Firstly, having a fixed term Parliament is a good thing.  It removes the decision of when a General Election happens from the Prime Minister.  Currently as it stands the Prime Minister can choose a time that suits him to hold a General Election, thus maximising his or her chances of remaining in power for up to another 5 years.  Had Gordon Brown gone to the country in 2007 when he became Prime Minister and when his popularity was at its highest it is probable that he would have won that election, and thus we would have been stuck with Labour and Gordon Brown until at least 2012.  It means that the authorities responsible for administering General Elections can plan better and may be able to avoid some of the catastrophes that we’ve previously seen.  It means the Government can properly plan out it’s legislative programme rather than fitting everything into the first three years  to make sure you get everything done in case the Prime Minister decided to hold an early General Election then spinning the last two years out with rubbish.

Many European Countries have fixed term parliaments and they work quite well.  The devolved administrations in the UK work on a fixed-term basis.  The Scottish Parliament for example is fixed to a four year term.

A lot of the objections towards the 55% dissolution proposal by the Government surround issues which fit better into a debate about a vote of no confidence.  It is important to realise that the two are distinct.  The Government is proposing to remain the vote of no confidence threshold as it is (i.e. 50% + 1MP).  So, if 326 MPs vote “aye” in a motion of no confidence in Her Majesty’s Government then the Government loses the confidence of the House and another Government needs to be formed.  In such a situation Labour and the Liberal Democrats could try and negotiate a minority Government backed up with the support of the smaller parties, the Conservatives could try to form a minority Government and the other possible combinations that were discussed prior to the formation of the current Coalition could be explored.  If no Government could be formed then a vote to dissolve Parliament would be held and here there would, with little doubt, be more than 55% of MPs voting in favour of dissolution.  However, if another Government could be formed that commands the confidence on the House then they would have the right to govern until the end of the fixed-term parliament or until such times as they lose the confidence of the House of Commons (which ever comes first).

In the Scottish Parliament there must be a two thirds majority in favour of dissolving Parliament prior to the next scheduled General Election to the Scottish Parliament.  This is a significantly larger percentage than the current coalition Government is requesting.

Requiring a percentage of more than 50% + 1 to dissolve Parliament does not mean that a Government that has lost the Confidence of the Commons can remain in power.  Providing that the Act of Parliament introducing this change is drafted correctly and sets out time scales for how long the House has to try and form a new Government that commands the confidence of the House of Commons before a vote of dissolving Parliament must be held; then there is no reason why it cannot work.

Personally, I if I were introducing these changes then I would be looking to give the House three weeks from the successful vote of no confidence to try and form a Government that commands the Confidence of the House prior to there having to be a vote on the question of dissolving Parliament early.

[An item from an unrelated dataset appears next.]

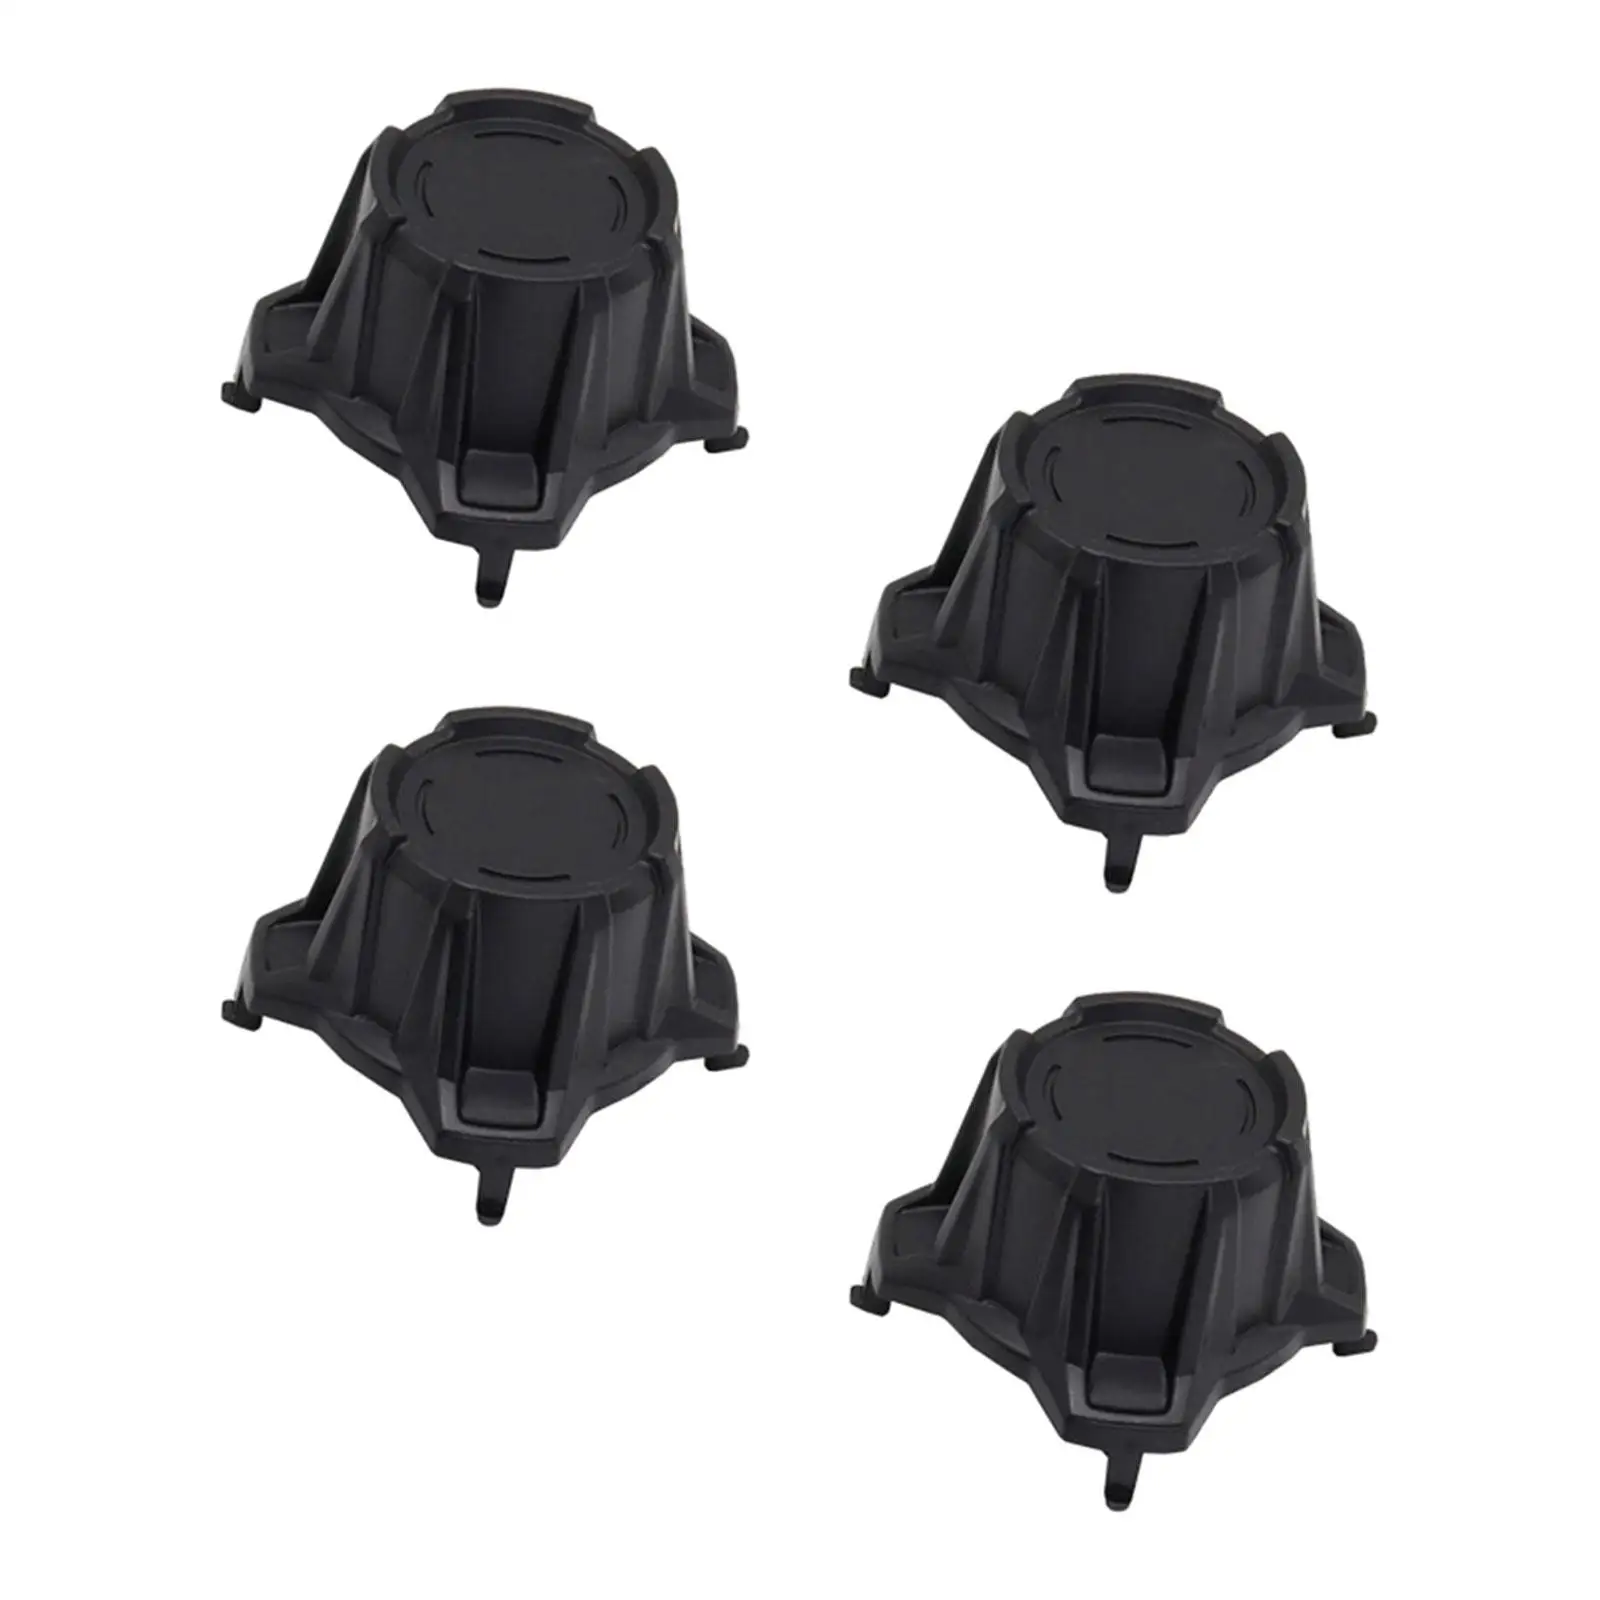 4x Wheel Center Hub Caps Motorcycle Modification for x3 2017-2020 Direct Replacement Stable Performance Repairing Accessory

The concept is an alien one here in the UK because we’re not used to it, but it is not, as some have suggested, an undemocratic proposals.  It makes Parliament much more stable, particularly in situations of a coalition Government (a situation we will have more often if our electoral system is changed from First Past the Post).

On the whole I am very excited about the constitutional changes planned by the Government, and if implemented correctly, will put us in a far better situation than we are at the moment.  In fact, much of what is planned appears in the draft constitution that I wrote a few years back setting out how I would like to see our political system operating.